​Cristiano ​Ronaldo - oder CR7. Oder einfach: Der Beste! (Für einige zumindest). Ich selbst sehe ​Lionel Messi noch vor dem Portugiesen, aber zweifellos gehört der auf der Blumeninsel Madeira geborene Cristiano Ronaldo zu den besten Spielern der Fußball-Historie. Aber auch ein Superstar wird nun mal nicht jünger. Und schon meint man den Hauch der Vergänglichkeit zu spüren, wenn man dem mittlerweile 34-Jährigen bei seiner Arbeit zuschaut. 


Die immer noch sehr erfolgreich (=torreich) ist.
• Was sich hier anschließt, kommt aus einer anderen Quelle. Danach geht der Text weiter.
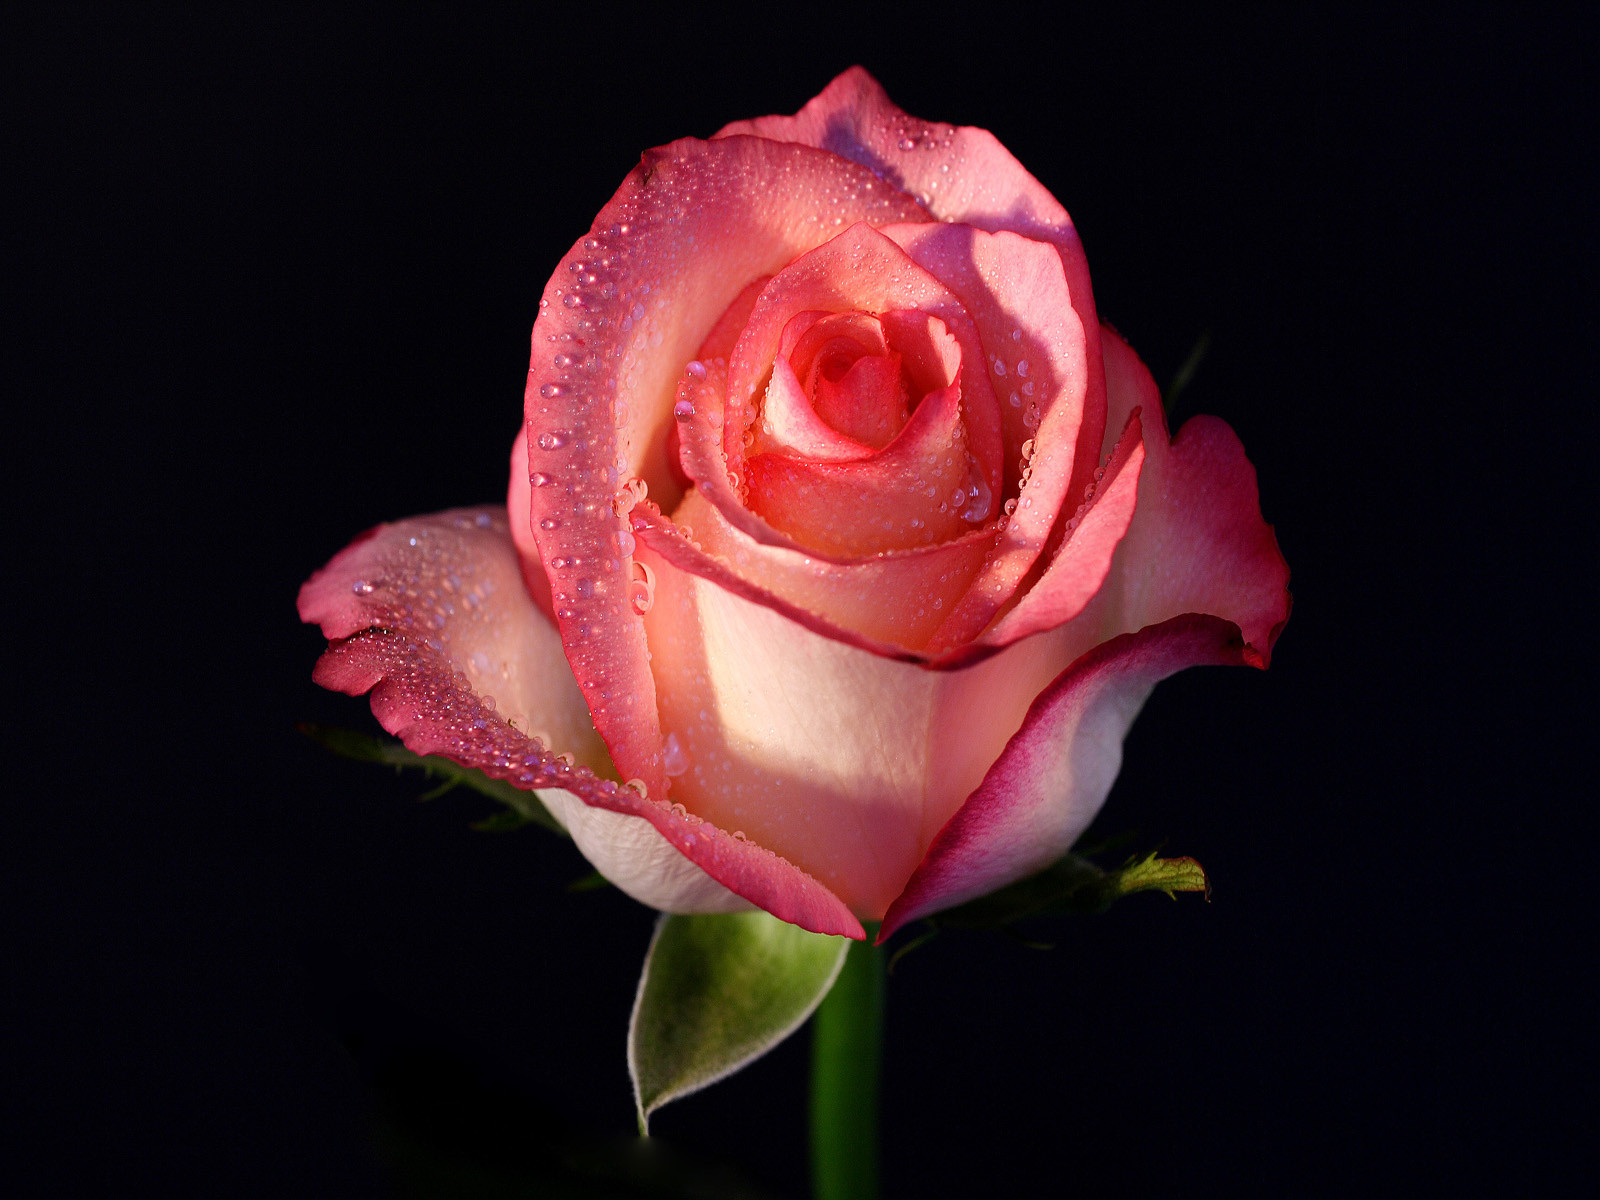  [urlhttpwwwtumblr18comsingle pink rose with black background

Zahlen lügen nicht. In seiner Premieren-Saison für Juventus Turin konnte Cristiano Ronald im vergangenen Jahr in 31 Spielen in der Serie A 21 Tore verbuchen (zuzüglich acht Assists). Das ist in einer für Stürmer weitaus schwierigeren Liga als der spanischen eine beachtliche Quote. 


Im Vergleich: In seiner letzten Spielzeit für ​Real Madrid (Saison 2017/18) konnte der Superstar noch 26 Tore in 27 Spielen vorweisen. Doch wie gesagt: Die italienische Liga ist eine andere als die spanische, in weiten Teilen sehr viel defensiver orientiert. Stürmer haben es auf dem Stiefel schon immer schwerer gehabt als anderswo.


Ronaldos Torschnitt in der Champions League sinkt


Fairer ist in diesem Zusammenhang ein Vergleich innerhalb der Königsklasse: Da konnte Ronaldo in besagter Spielzeit 2017/18 noch 15-mal (!) in 13 Spielen für Real Madrid netzen (1,2 Tore pro Spiel). In seiner ersten Saison bei Juventus, in der er sechs Tore in neun Spielen erzielen konnte, fiel diese Ratio schon auf etwas mehr als die Hälfte (0,67), um sich in der laufenden Spielzeit nochmals zu halbieren. Zwei Tore in sechs Spielen bedeuten einen (aktuellen) Schnitt von nur noch 0,33 Toren pro Spiel - wobei er ja noch mindestens zwei Spiele vor sich hat.

FBL-ITA-SERIEA-JUVENTUS-SASSUOLO

An diesen Zahlen lässt sich schon der langsame, aber stetige Verfall des Spielers darstellen. Verfall mag ein etwas zu hartes Wort sein - aber ein beschönigender Begriff für diesen Umstand würde an den Tatsachen an sich auch nichts ändern... Außerdem muss man natürlich immer die Ausgangsbasis im Auge haben: ​Ronaldo hat in den letzten Jahren, zusammen mit seinem liebsten "Feind" Messi, Maßstäbe in puncto Tore und Torbeteiligungen gesetztDas heißt, das Niveau, von dem aus Ronaldo jetzt anfängt, runterzugehen, war dermaßen hoch, dass selbst ein fünfzigprozentiger Anteil vom Ausgangswert immer noch eine mehr als annehmbare Größe darstellt. 


Dasselbe wird in ähnlicher Form auch seinem ewigen argentinischen Widerpart passieren. Wobei der Barça-Crack momentan offenbar eher damit beschäftigt ist, seine alten Rekordmarken nochmals zu übertreffen. Aber das ist ein anderes Thema...


Für deutsche Mannschaften reicht es immer noch


Cristiano Ronaldo wird älter - wie wir alle. Aufgrund seiner überragenden Physis, gestählt durch nimmermüdes Training, jahrelange akribische Körperpflege, disziplinierten Lebenswandel und einen bewussten und konsequent durchgezogenen Ernährungsplan, wird er jedoch auch noch in drei oder vier Jahren seine Tore machen. Doch den absoluten Zenit seiner Laufbahn hat er mittlerweile nicht nur erreicht, sondern schon überschritten. 


Was nichts daran ändert, dass CR7 auch noch bis in absehbare Zeit einer der großen Schrecken der gegnerischen Abwehrreihen sein wird. ​Leverkusen hat es gestern - wieder einmal - zu spüren bekommen.